At first we were using vagrant-berkshelf to tie things together. The 1.5.1 release of Vagrant broke the plugin, and a bit of reading made me feel that test-kitchen was a better choice anyway. 

So first up was adding test-kitchen to the cookbook (and removing Vagrant)

rm Vagrantfile 

kitchen init

And there you go! Now we need to customize the .kitchen.yml

• We use centos-6.4, so I took the ubuntu platforms entry out. 
• Add the runlist
• Attributes.... uh-oh!!!

.kitchen.yml allows you to specify a list of chef attribute to pass. But I don't want to list them in each cookbook! I have an attributes.json file on the Jenkins box that defines all of the credentials that would normally be in an encrypted data bag. Vagrant lets me simply

dna = JSON.parse(File.read("/var/chef/attributes.json"))
chef.json.merge!(dna)

I looked at the test-kitchen docs, but didn't see anything specifically about including a file. I did catch though that the .kitchen.yml file is ERB parsed before being used. Perfect!

I converted attributes.json to yml using one of many tools out there, then added

    attributes:
<%= File.read("/var/chef/attributes.yaml") %>

To my yaml file and it promptly blew up! Since the attributes file is just getting inserted exactly at that point, the indentation has to match up. Shifting the data in the yaml file over by a couple of tabs did the trick.

Kitchen test now works! It boots the VM and processes the runlist, including minitest-handler. We will eventually start using test-kitchen's built in tests but for now we're OK with what we've got.

build script

As I mentioned earlier, we want to have a standardized build script that would be used by all cookbooks. The content would change, but the content would be the same:

• Run whatever tests that cookbook gets
• If the tests pass, upload the cookbook and exit zero
• If the tests fail, exit non-zero.

Our standard set of tests includes:

• knife cookbook test (basic syntax)
• knife spork check --fail (make sure the version number has been bumped)
• kitchen test
• kitchen destroy
• foodcritic
• knife spork upload

To make sure that whoever is running this has a fair chance of success, we include a Gemfile in the cookbook with all of those tools in it. The build script starts off with a bundle install, so as dependencies change, the systems should stay up to date.

The shell script looks at the exit code of each command as it runs, and dies if any of them are non zero.

git-hooks

Every cookbook has a git-hooks directory with recommended scripts to either use or integrate into your existing tools.

The main one that all cookbooks have is a simple pre-commit hook to run knife spork check --fail. This makes sure that you don't try to upload a frozen cookbook version. 

promoting the cookbooks to the fleets

Since we aren't yet running full integration tests, we don't have a really good way to prove that the newly published cookbook plays well with its other friends in the Chef playground. 

For the moment, we are automatically promoting the fleets once a cookbook passes its tests and gets uploaded.

We have a Jenkins job that looks up the latest frozen version of each cookbook and promotes the fleets to that version.
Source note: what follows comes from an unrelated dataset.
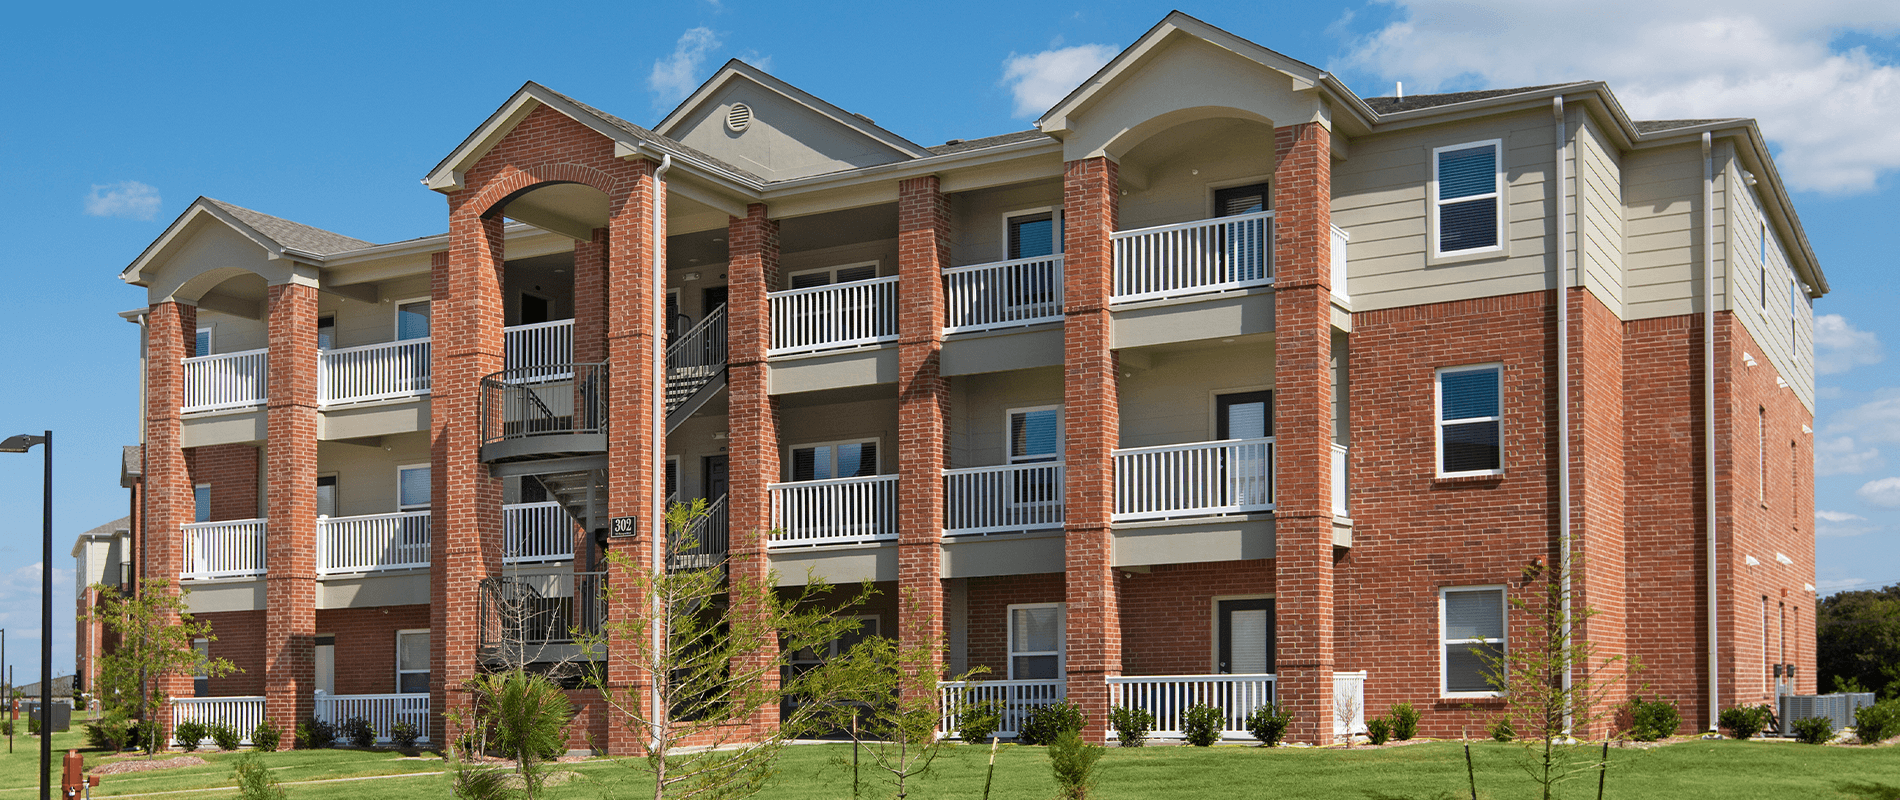 an exterior view of a brick apartment building with balconies

Since you don't get a frozen upload without passing your tests, that should be safe enough.

That also allows us to have in flight cookbooks on the chef server without fear -- the fleets will only ever auto promote to the latest frozen revision. 

integration testing

Great! Our cookbook passed its test and has been uploaded. All of the fleets are pinned to the older version though, so no-one is seeing this change.

Now what?

Enter the test fleet. 

We have 1 development environment that does not get anything pinned. It is used only by ops, just for testing new Chef code.

Go forth and deploy / run rubot / do whatever you need to do to feel happy on the test fleet. 

Right now we are doing this by hand, but that will be next on the automation to-do list.